I have read the following statement about Integration by substitution on wikipedia (https://en.wikipedia.org/wiki/Integration_by_substitution):
Let $U$ be an open set in $\mathbb{R}^{n}$ and $\varphi:U\rightarrow\mathbb{R}^{n}$ an injective differentiable function with continuous partial derivatives, the $D\varphi$ Jacobian of which is nonzero for every $x$ in $U$. Then for any real-valued, compactly supported, continuous function $f$, with support contained in $\varphi(U)$,
$$\int_{\varphi\left(U\right)}f\left(\mathbf{v}\right)d\mathbf{v}=\int_{U}f\left(\varphi\left(\mathbf{u}\right)\right)\left|det\left(D\varphi\right)\left(\mathbf{u}\right)\right|d\mathbf{u}.$$
I was wondering if this statement holds when $f$ is not real valued, but $f:\mathbb{R}^{n}\rightarrow\mathbb{R}^{n}$, and interpret $f\left(\mathbf{v}\right)d\mathbf{v}$ as a kind of dot product? (I guess for $f:\mathbb{R}^{n}\rightarrow\mathbb{R}^{m}$, $m\neq1$,$m\neq n$ this interpretation is incorrect because the dimensions wouldn't match, or I don't know if there is any other intepretation...)
If this can hold when $f:\mathbb{R}^{n}\rightarrow\mathbb{R}^{n}$, then can you give me an example where this is used? Furthermore, is this relation holds for other abstract spaces, where dot product is defined?
Currently, I'm learning about line integral where $\mathbf{F}:U\subset\mathbb{R}^{n}\rightarrow\mathbb{R}^{n}$ is a vector field, and the line integral on $\Gamma$ curve is defined as $$\int_{\Gamma}\mathbf{F}\left(\mathbf{r}\right)\cdot d\mathbf{r}=\int_{a}^{b}\mathbf{F}\left(\mathbf{r}\left(t\right)\right)\cdot\mathbf{r}'\left(t\right)dt,$$
where $\cdot$ is the dot product, and $\mathbf{r}:\left[a,b\right]\rightarrow\Gamma$ is a parametrization of $\Gamma$. (See e.g.: https://en.wikipedia.org/wiki/Line_integral) I see the similarities between the theorem above and the last definition, but they are not exactly the same. On the latter, there is a concrete gradient vector of $\mathbf{r}$, but in the previous theorem there is a determinant, which is a scalar. So my main goal is to find the connection between these two equations if there is any...
The statement you quoted from Wikipedia holds only for real-valued functions. When dealing with vector-valued functions, we need to use a different approach.
One way to integrate a vector-valued function over a region is to integrate its components separately. That is, if f:Rn→Rn is a vector-valued function, we can write it as f=(f1,f2,...,fn), where each fi:Rn→R is a real-valued function. Then, we can integrate each fi over the region separately:
∫Rn f(v)dv = ∫Rn f1(v)dv + ∫Rn f2(v)dv + ... + ∫Rn fn(v)dv.
So, in general, we cannot interpret f(v)dv as a dot product because the dimensions do not match.
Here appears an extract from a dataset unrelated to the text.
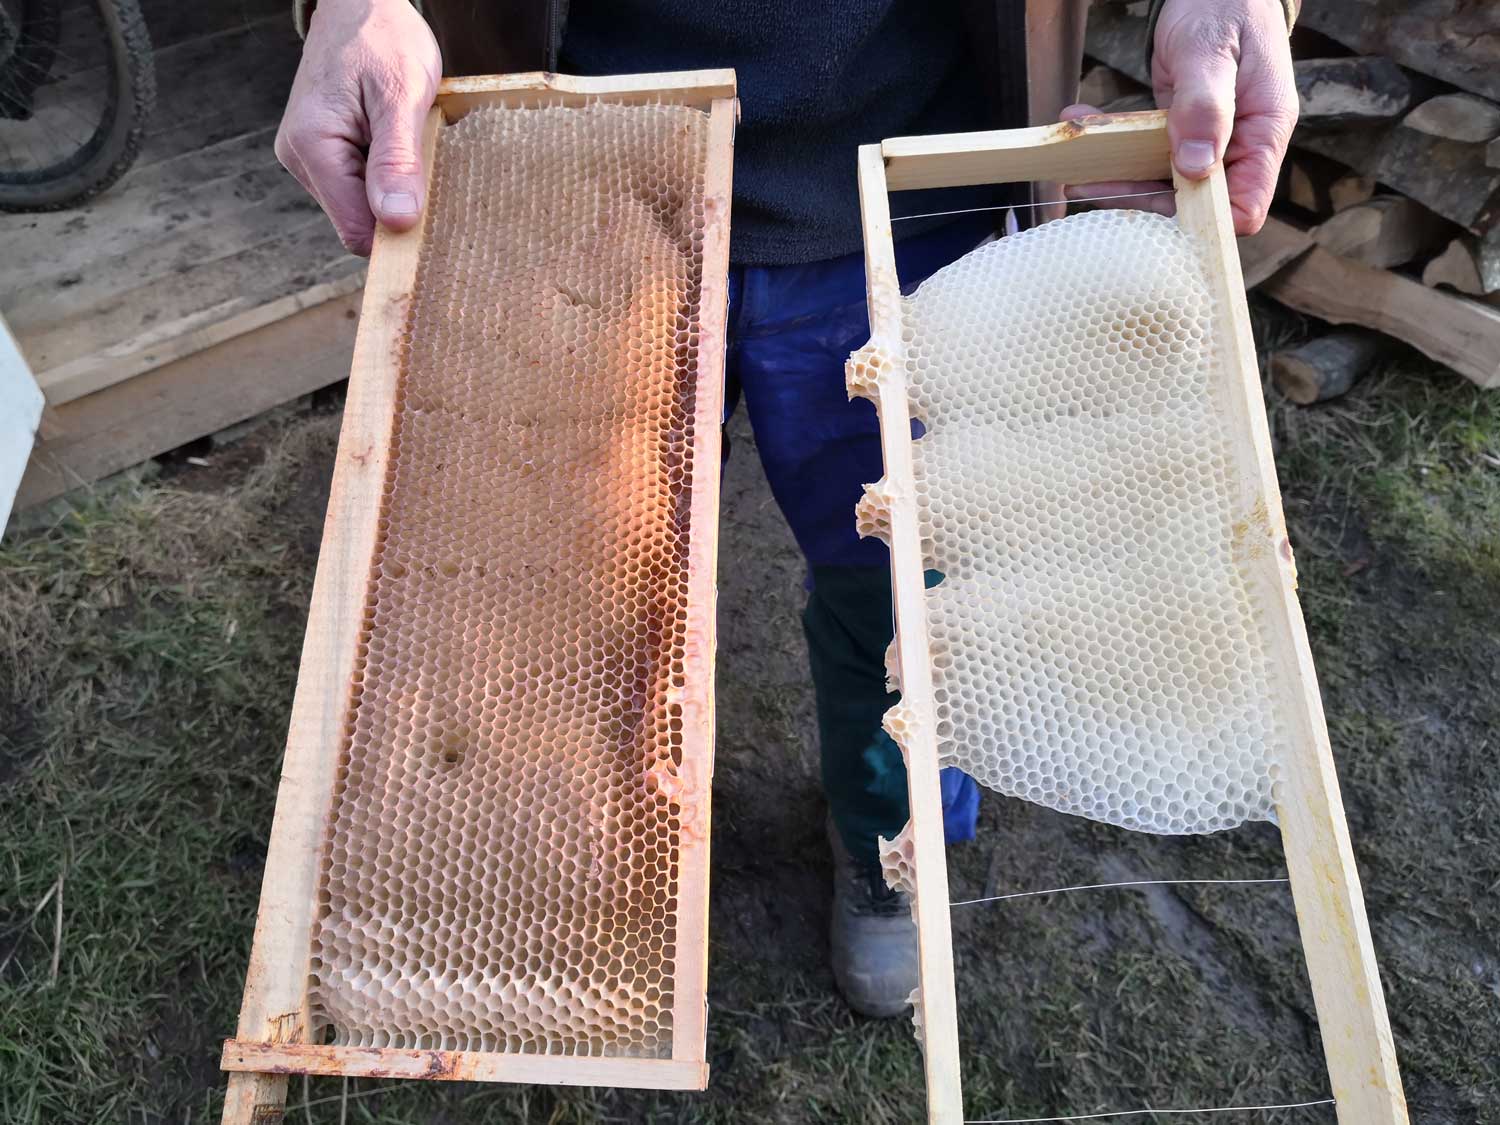 Le cadre de droite est composé de cellules en cire formées par les abeilles elles-mêmes. À gauche il s’agit de cire achetée que Denis ne veut plus mettre dans ses ruches. C’est plus écologique (la cire achetée concentre de nombreux polluants) et cela laisse plus de liberté à l’abeille © Globe Reporters

Regarding your question about the relationship between the integration by substitution formula and the line integral formula, there is indeed a connection. In fact, the integration by substitution formula is a generalization of the line integral formula.
To see this, let F:U⊂Rn→Rn be a vector field and let Γ be a smooth curve in U parametrized by r:[a,b]→Γ. Then, we can write the line integral of F over Γ as:
∫Γ F(r)⋅dr = ∫a^b F(r(t))⋅r'(t)dt
where ⋅ is the dot product. Now, let φ:U→Rn be a diffeomorphism (i.e., a bijective, differentiable function with a differentiable inverse) and let f:Rn→Rn be a vector field. Then, we can use the integration by substitution formula to write:
∫φ(U)f(v)dv = ∫U f(φ(u))|det(Dφ)(u)|du
where dv is the volume element in Rn and du is the volume element in U. Now, if we set f = F∘φ^-1, we get:
∫φ(U)F(r)⋅dr = ∫φ(U)F(φ(u))⋅|det(Dφ)(u)|du
where r = φ(u) is a point on Γ. Now, we can apply the change of variables u = φ^-1(r) and get:
∫φ(U)F(r)⋅dr = ∫U F(φ(u))⋅|det(Dφ)(u)|du = ∫Γ F(r)⋅n(r)ds
where n(r) is the unit normal vector to Γ at r and ds is the arc length element along Γ. This is precisely the line integral formula.
So, the integration by substitution formula is a generalization of the line integral formula, where we can integrate vector fields over arbitrary regions using diffeomorphisms.